Josh Miller is a PhD student studying game-user interaction and games with a purpose at Northeastern University’s Khoury College of Computer Sciences, mentored by Professors Seth Cooper and Magy Seif El-Nasr. Josh’s research focuses on synthesizing game design principles with the psychology of learning and motivation to create seamless and engaging user experiences in non-game contexts. He is interested in creating playful, flow-state experiences for educational contexts. Josh earned his bachelor’s degree in computer science and neuroscience from Colgate University in New York.

What are the specifics of your graduate education (thus far)?

My research so far has focused on improving the tutorial of Foldit, the protein-folding puzzle game. By grounding the design in Self-Determination Theory and Cognitive Load Theory, I am able to craft a more intuitive experience for new players.

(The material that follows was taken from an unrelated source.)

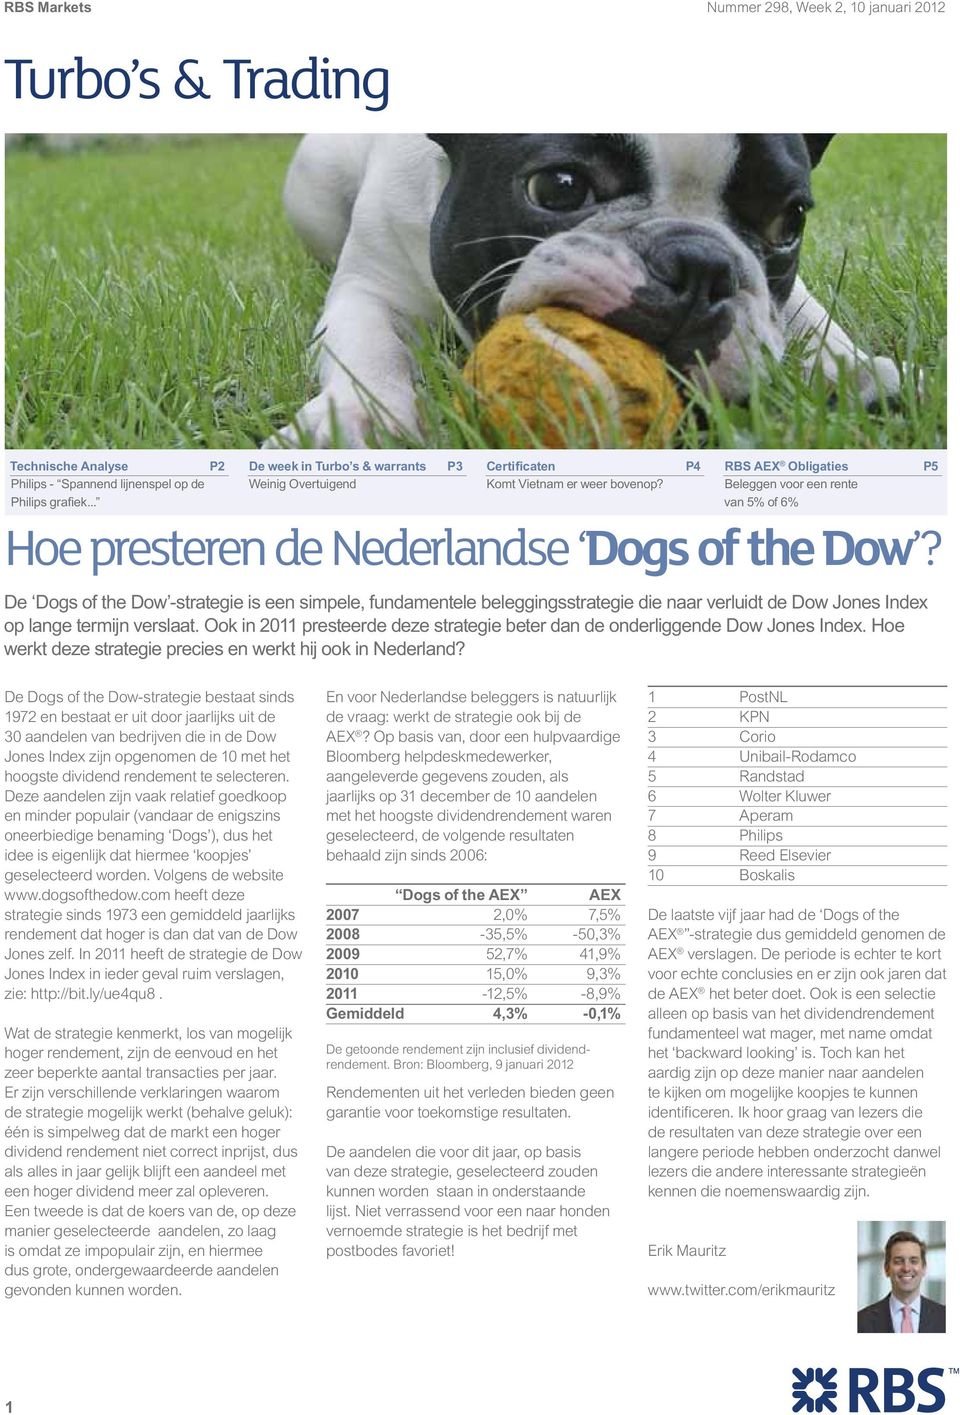 P4 RBS AEX Obligaties Beleggen voor een rente van 5% of 6% Hoe presteren de Nederlandse Dogs of the Dow?

What are your research interests?

I am interested in game-user interaction, games with a purpose, game design, and the psychology of learning and motivation. Together, these interests become the discovery of playful elements of non-game contexts. I also focus on minimizing cognitive load while maximizing engagement and retention, by synthesizing grounded theories and industry practices and principles.

What’s one problem you’d like to solve with your research/work?

Using games as a tool for formal and informal learning is currently an unsolved problem. How do learning and play relate? What is the core experience of discovering new things, and can we build a game or interface around that to enable players to explore new topics in an enjoyable and casual way? This work could unlock new questions into how we understand education, intrinsic motivation, play-ability, and playfulness.

What aspect of what you do is most interesting?

Games are one of the newest forms of art, and one of the only forms that are interactive. They are so nascent that no one has realized their full potential as a set of tools which enable problem-solving and human expression from a unique perspective. Truly, this field is the research of playful problem-solving, and it is so enjoyable to be a part of it.

What are your research or career goals, going forward?

I’m currently looking toward the design of transformational games: making games which are both transformational in their own right and help advance the theory of designing good transformational games.